→ About this exercise: Restate word for word the entries below, starting at the line with "Playera para hombre" and ending at the line with "Les anneaux de". Keep both end lines and omit the pictures.

→ Provided data:
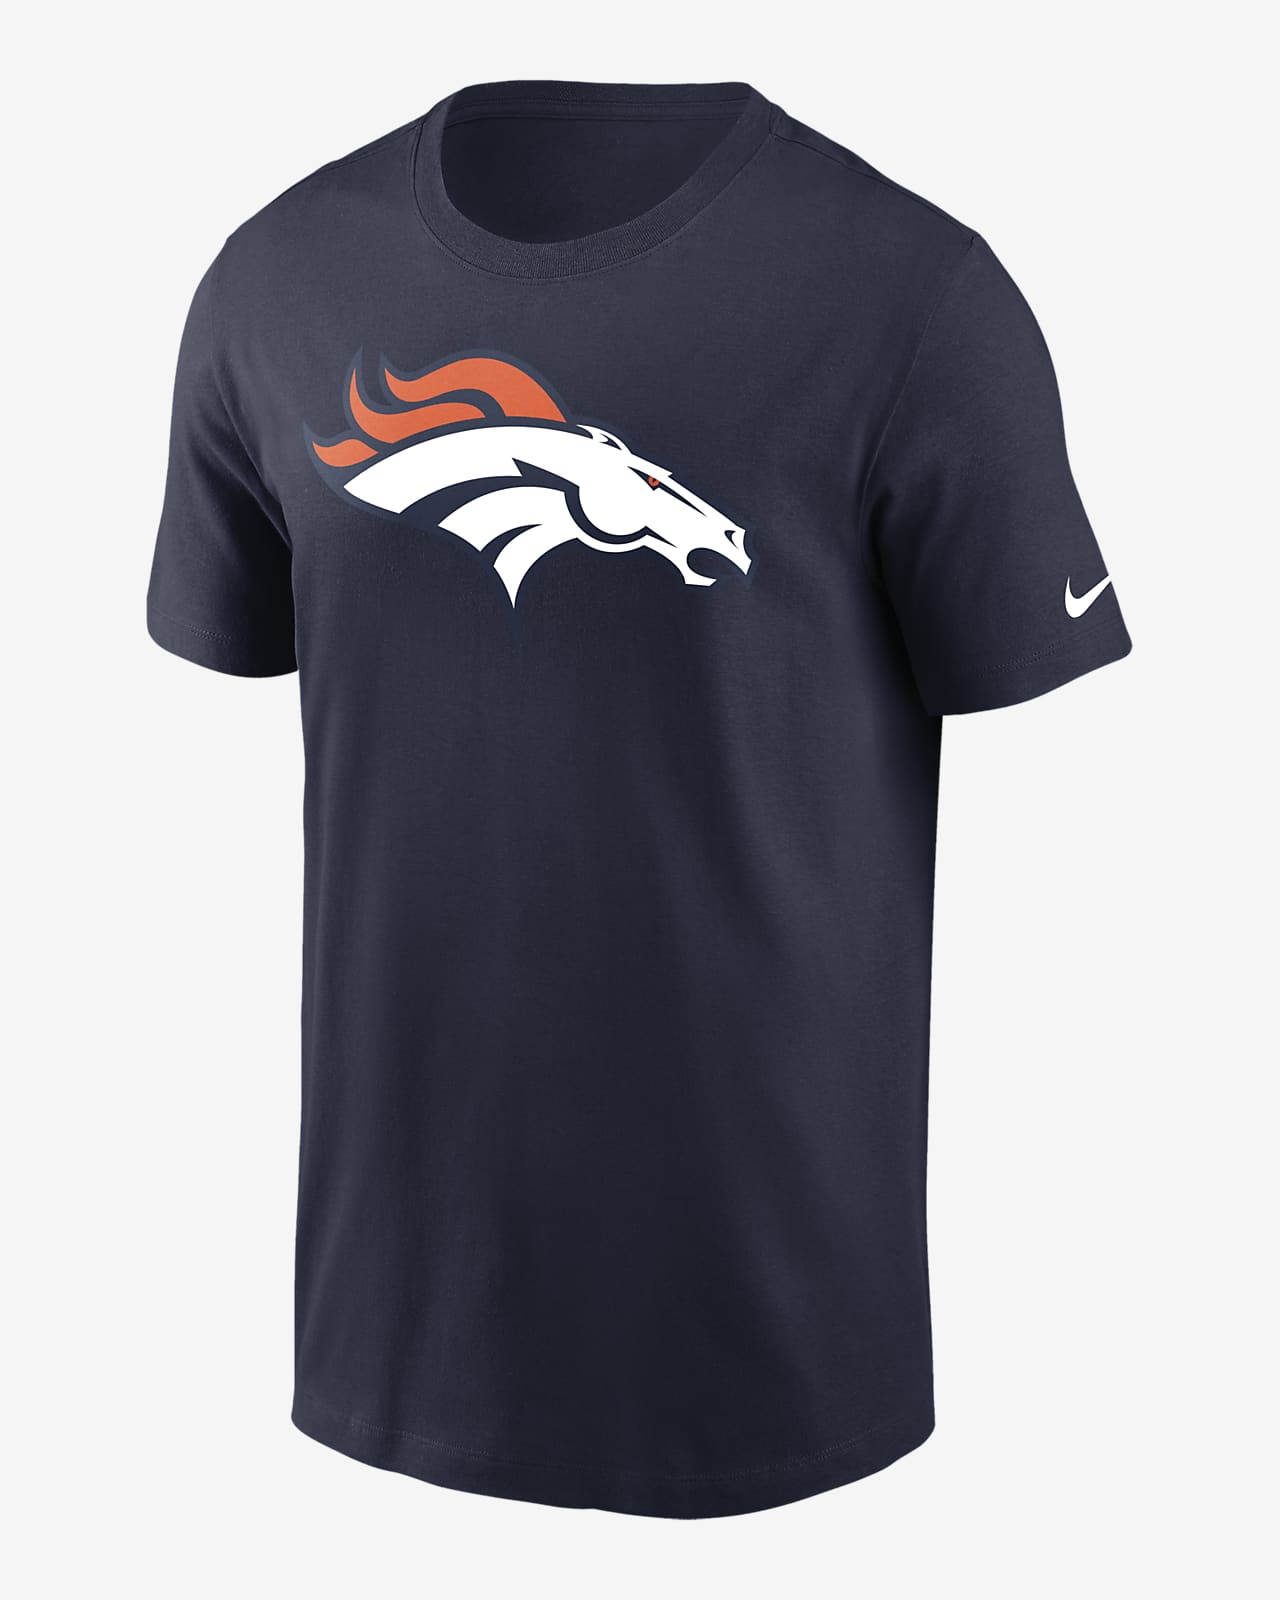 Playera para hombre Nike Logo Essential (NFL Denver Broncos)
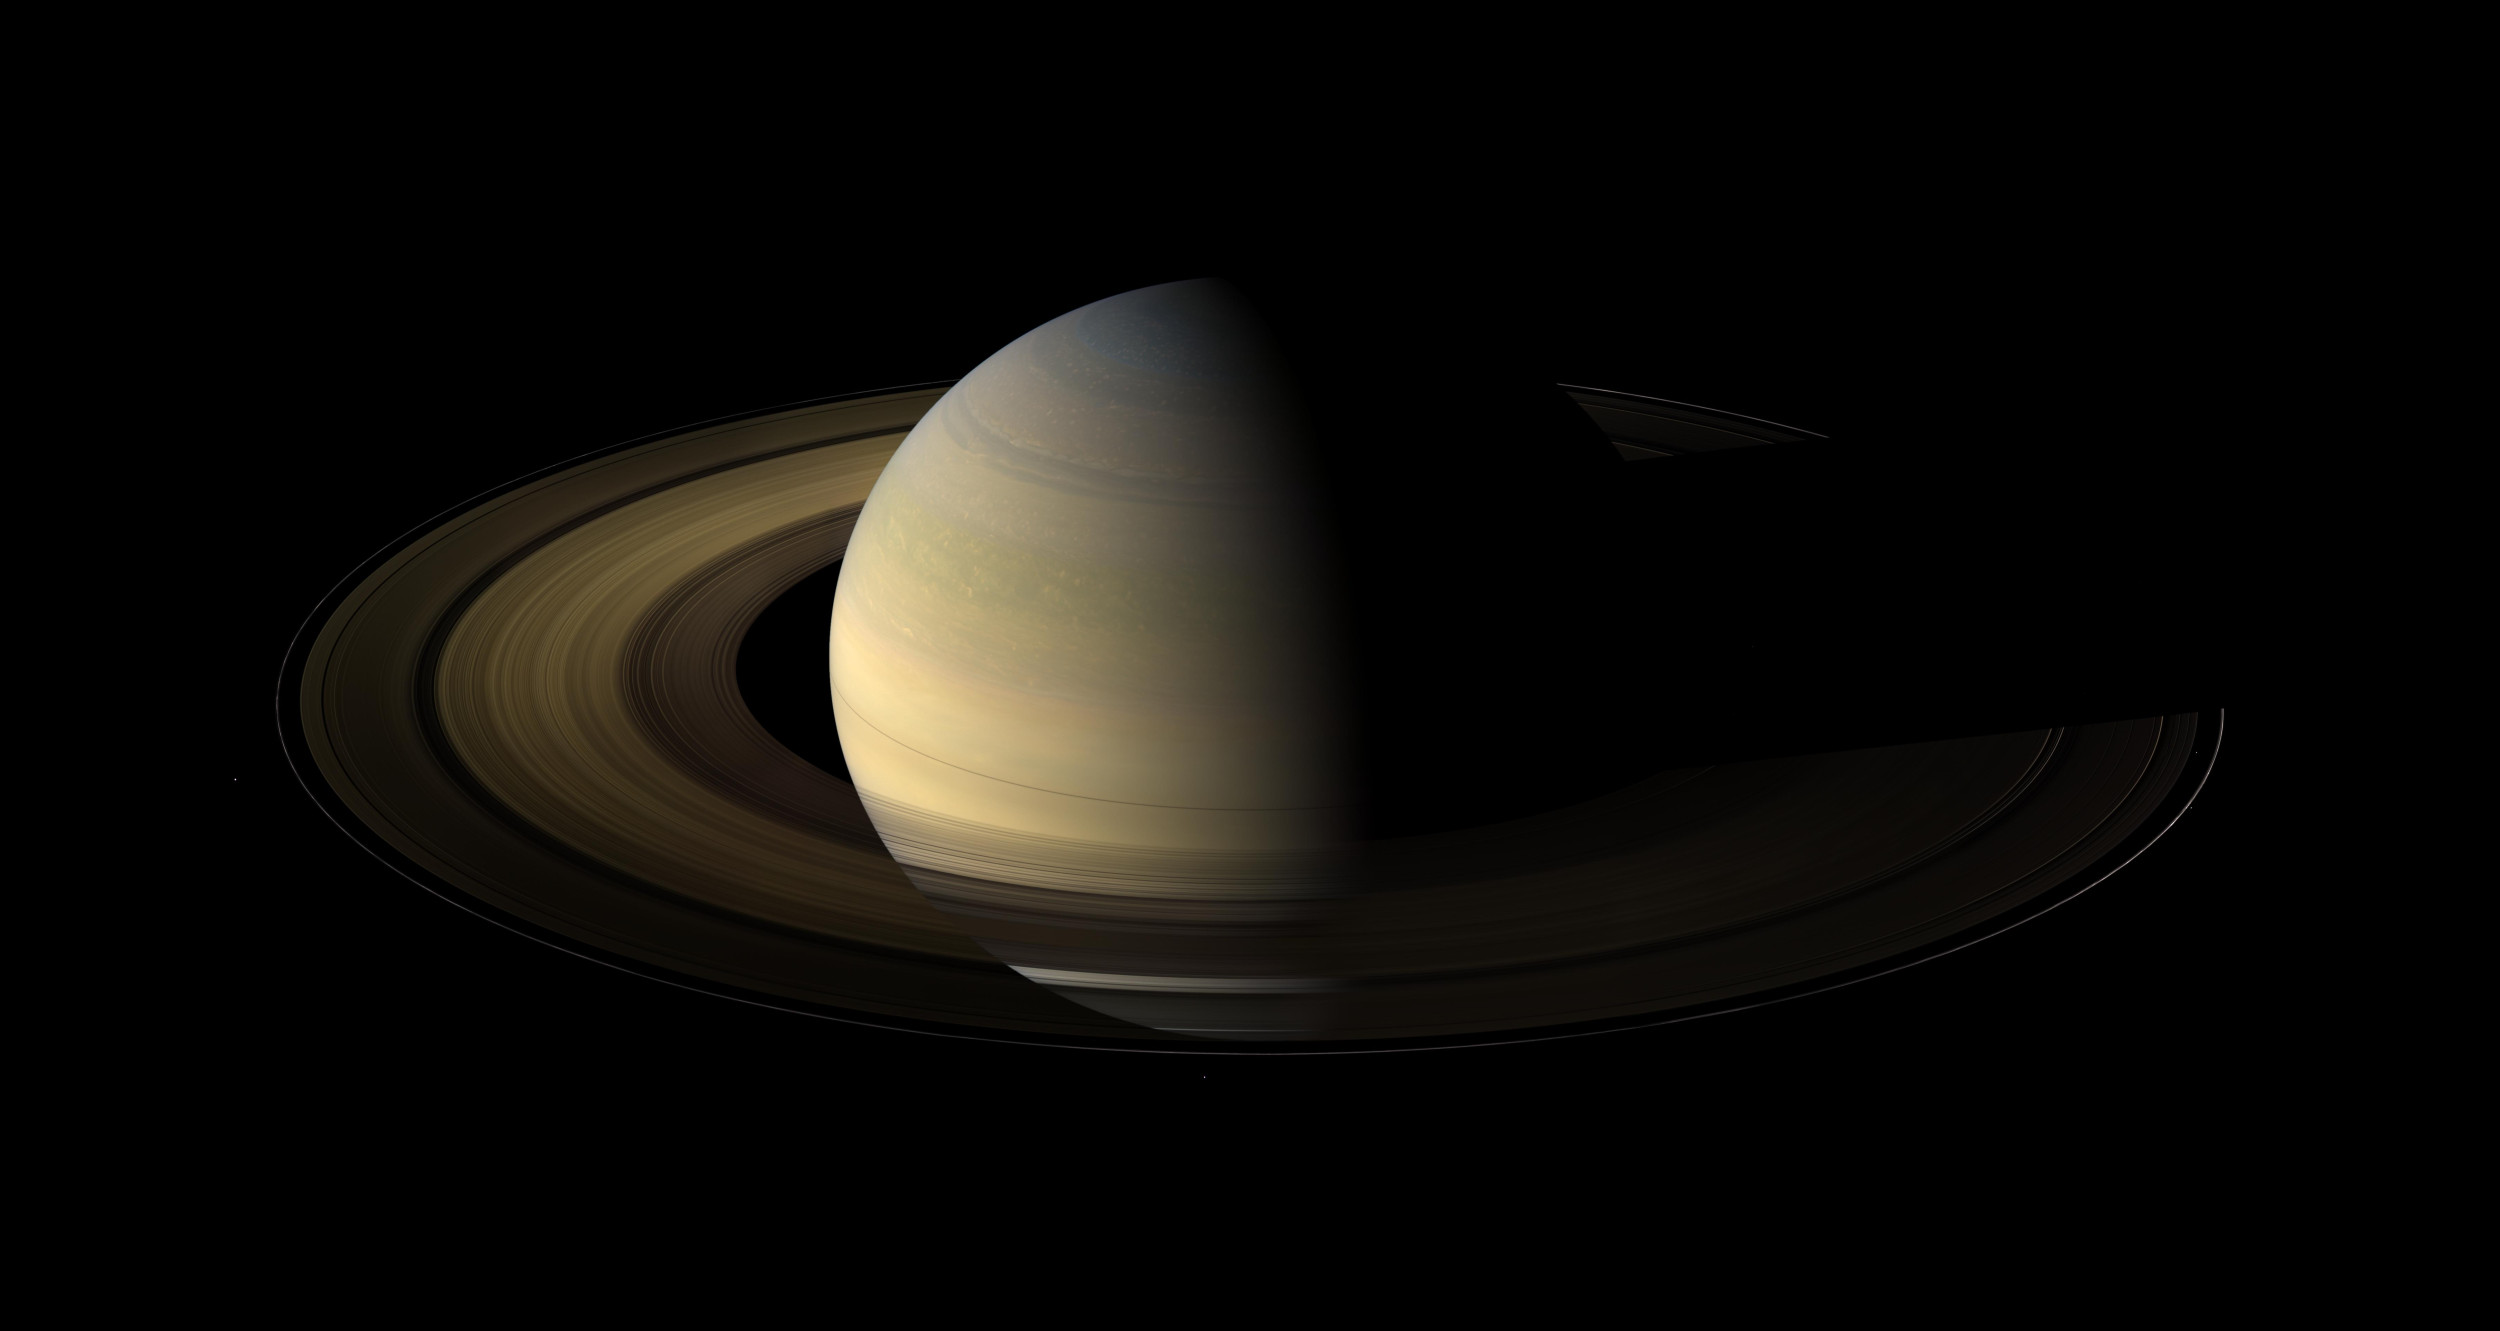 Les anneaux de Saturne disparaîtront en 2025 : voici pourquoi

* * *

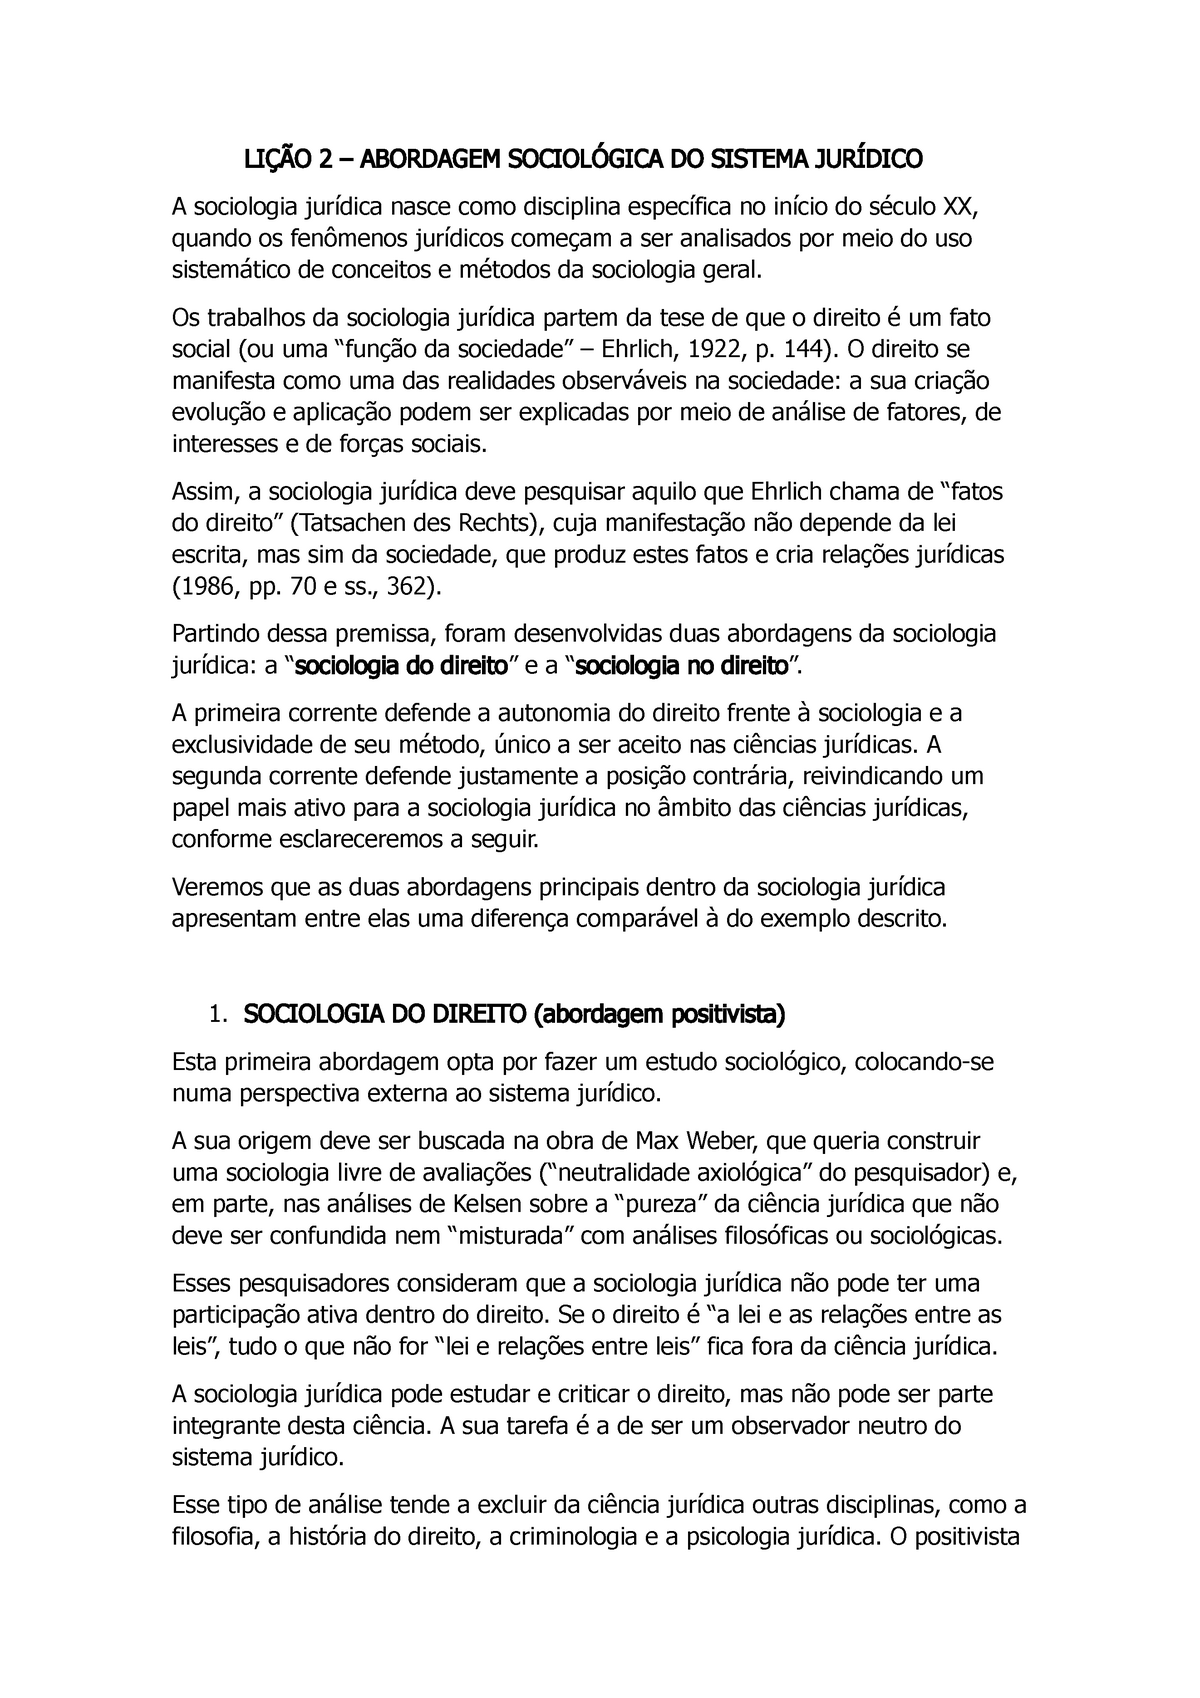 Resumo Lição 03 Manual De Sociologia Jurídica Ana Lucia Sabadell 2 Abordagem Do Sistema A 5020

→ Problem solution:
 Playera para hombre Nike Logo Essential (NFL Denver Broncos)
 Les anneaux de Saturne disparaîtront en 2025 : voici pourquoi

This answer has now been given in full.